On 7/26/2024 10:00 AM, Anton Ertl wrote:
"Chris M. Thomasson" <chris.m.thomasson.1@gmail.com> writes:
On 7/25/2024 1:09 PM, BGB wrote:
At least with a weak model, software knows that if it doesn't go through
the rituals, the memory will be stale.
>
There is no guarantee of staleness, only a lack of stronger ordering
guarantees.
>
The weak model is ideal for me. I know how to program for it
>
And the fact that this model is so hard to use that few others know
how to program for it make it ideal for you.
>
and it's more efficient
>
That depends on the hardware.
>
Yes, the Alpha 21164 with its imprecise exceptions was "more
efficient" than other hardware for a while, then the Pentium Pro came
along and gave us precise exceptions and more efficiency.  And
eventually the Alpha people learned the trick, too, and 21264 provided
precise exceptions (although they did not admit this) and more
efficieny.
>
Similarly, I expect that hardware that is designed for good TSO or
sequential consistency performance will run faster on code written for
this model than code written for weakly consistent hardware will run
on that hardware.  That's because software written for weakly
consistent hardware often has to insert barriers or atomic operations
just in case, and these operations are slow on hardware optimized for
weak consistency.
>
By contrast, one can design hardware for strong ordering such that the
slowness occurs only in those cases when actual (not potential)
communication between the cores happens, i.e., much less frequently.
>
and sometimes use cases do not care if they encounter "stale" data.
>
Great.  Unless these "sometimes" cases are more often than the cases
where you perform some atomic operation or barrier because of
potential, but not actual communication between cores, the weak model
is still slower than a well-implemented strong model.
>
A strong model? You mean I don't have to use any memory barriers at all?

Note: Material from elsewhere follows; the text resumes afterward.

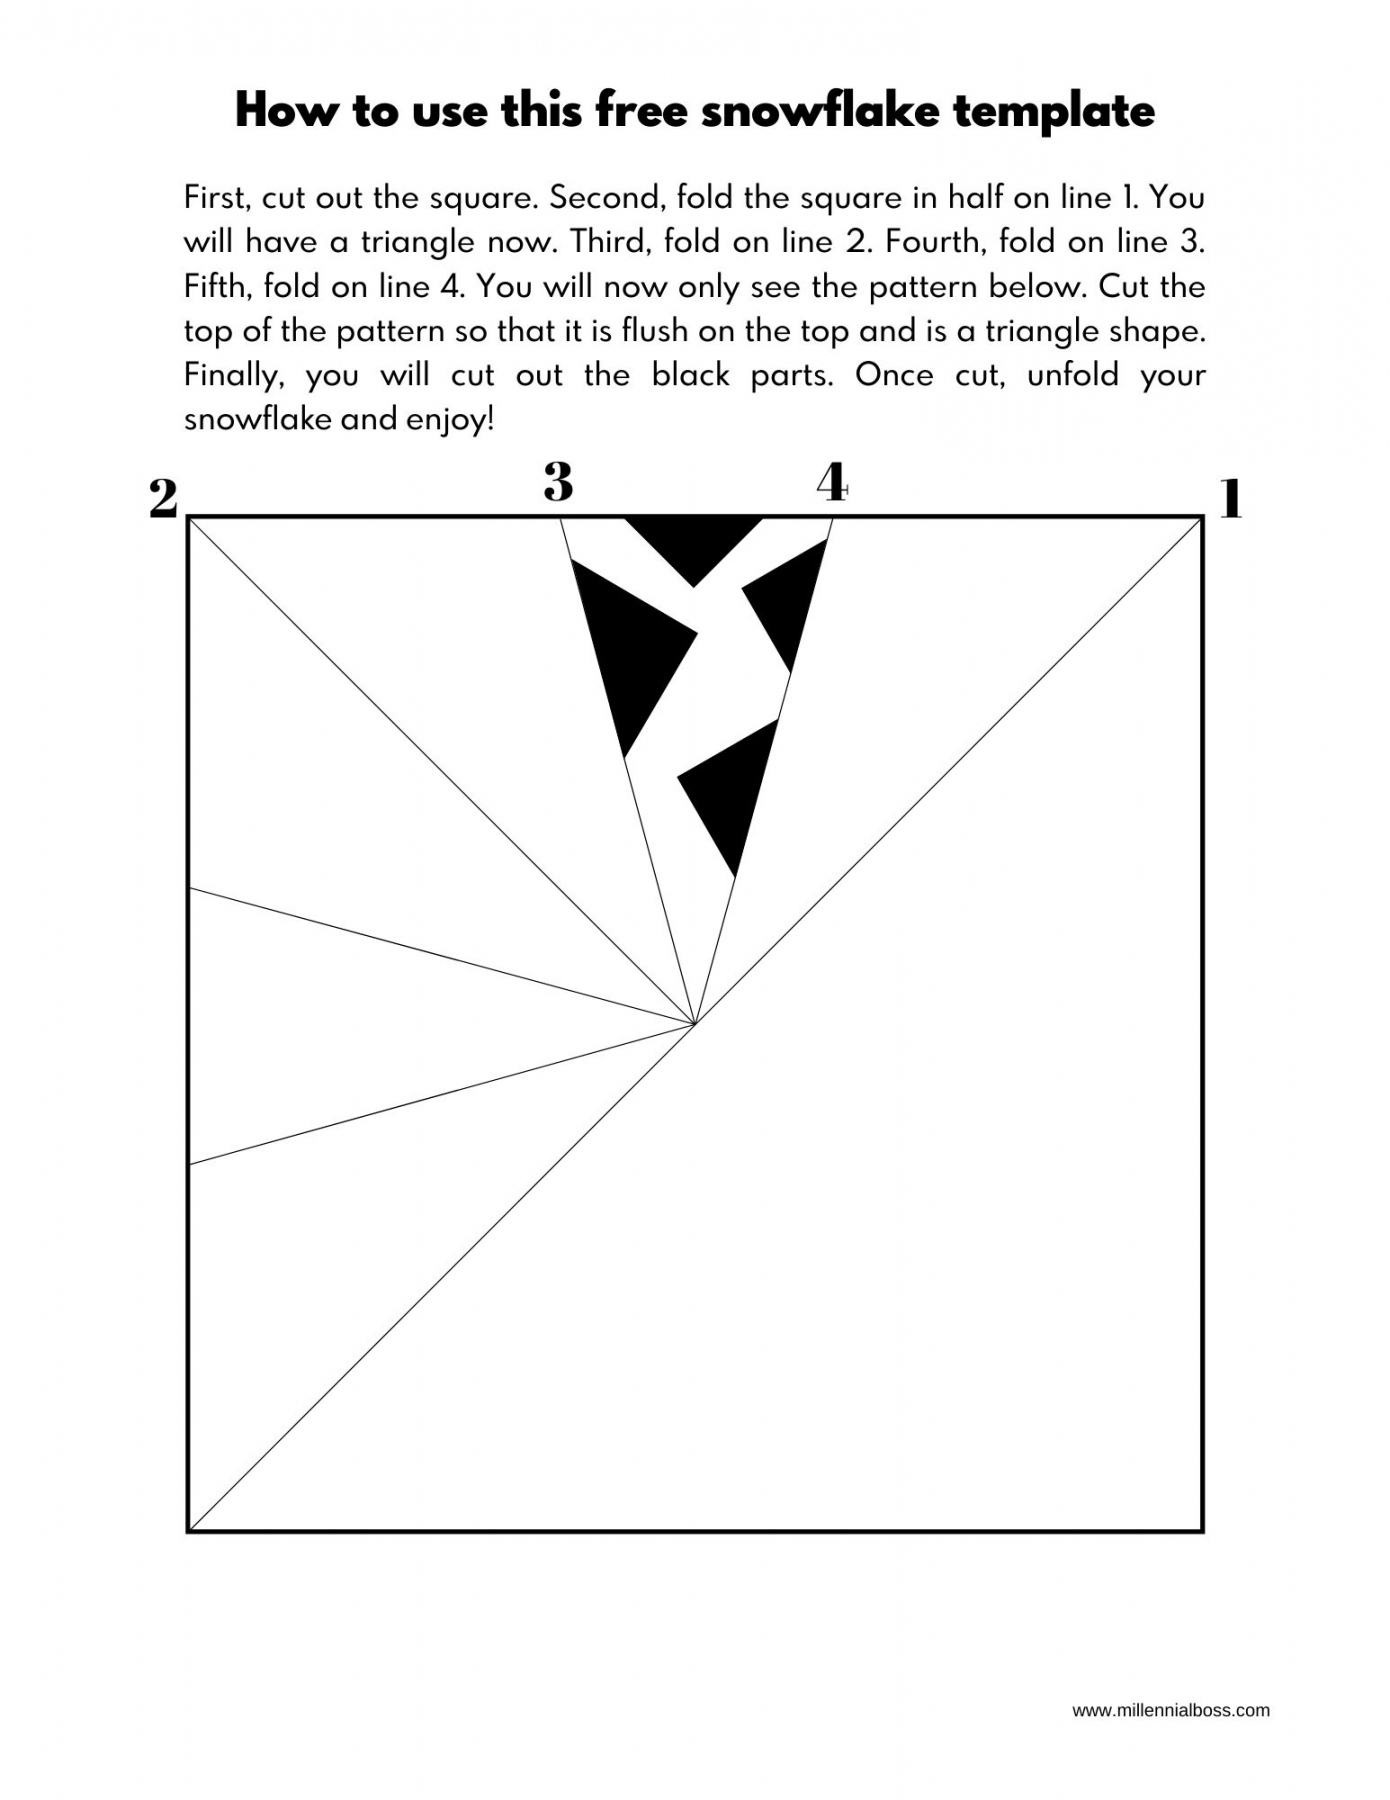 Free Snowflake Templates easy, quick and cute FREE PDF - FREE Printables - Snowflake Template Pdf

Tell that to SPARC in RMO mode... How strong? Even the x86 requires a
membar when a store followed by a load to another location shall be
respected wrt order. Store-Load. #StoreLoad over on SPARC. ;^)

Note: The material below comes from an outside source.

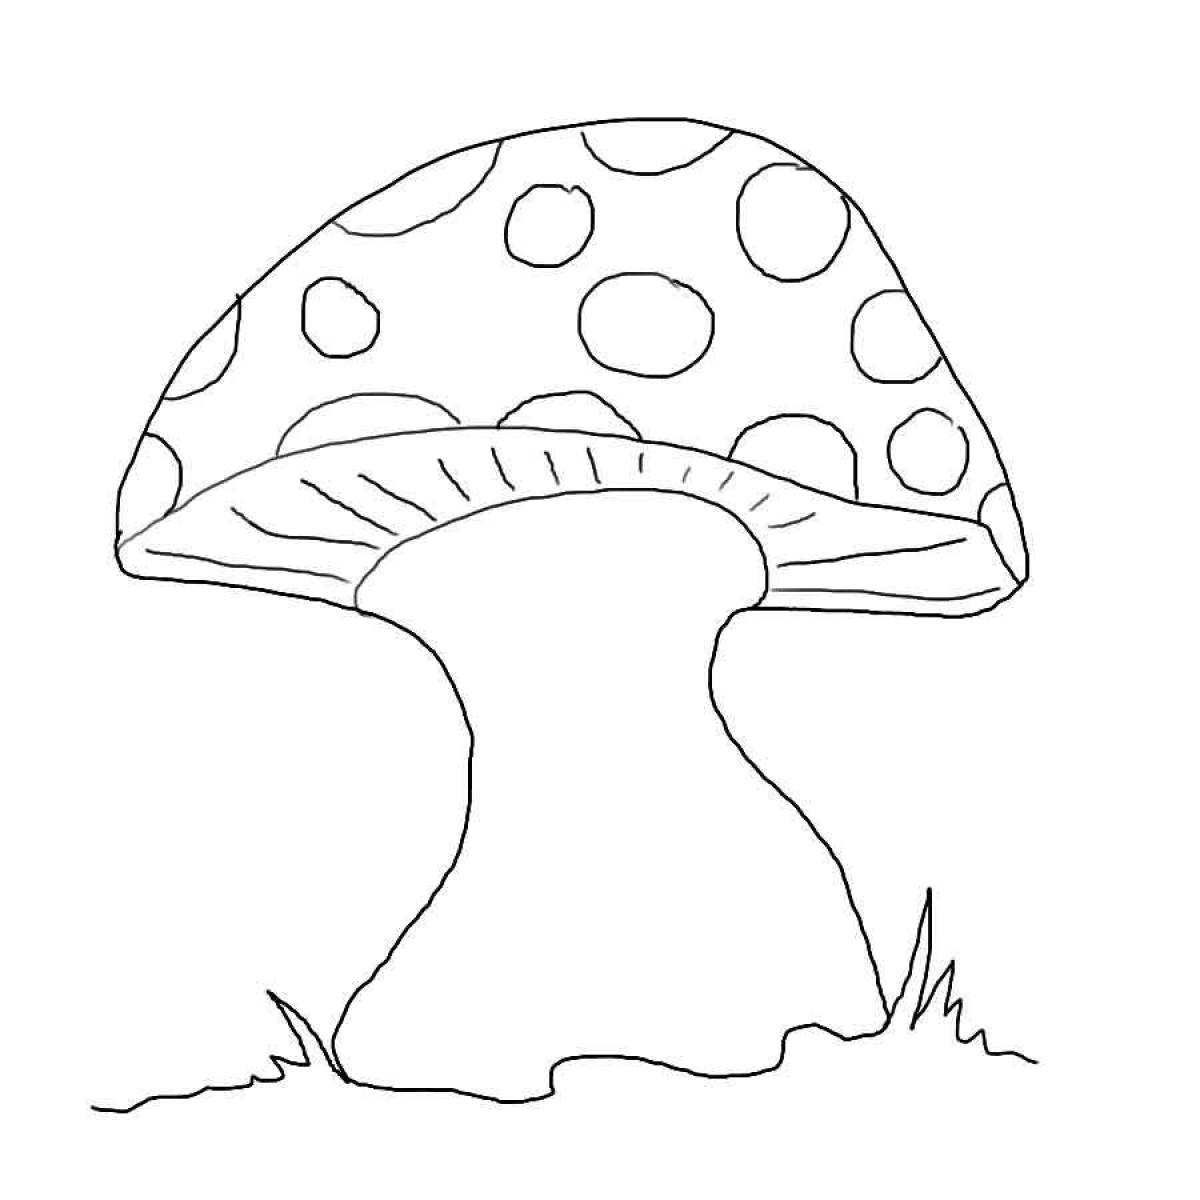 Mushroom coloring page with colorful splashes

 DRAM does not need this property, MMI/O does.
 
As I see it, it makes sense to treat MMIO separately from normal memory access:
   Memory may use a much weaker model;
   For MMIO, generally every access needs to be synchronous.
In most cases, for MMIO, it makes sense to pay this cost, even if it means that access is slower.
In my case though, some of the hardware uses DRAM-backed buffers, which makes more of a pain for memory consistency.
But, then one has to make a tradeoff of whether it is better to use normal memory access and flushing, or No-Cache/Volatile access (which makes accesses consistent, but comes at a fairly steep performance penalty).

If you can force everything to be #StoreLoad (*) and make it faster than
a handcrafted algo on a very weak memory system, well, hats off! I
thought it was easier for a HW guy to implement weak consistency? At the
cost of the increased complexity wrt programming the sucker! ;^)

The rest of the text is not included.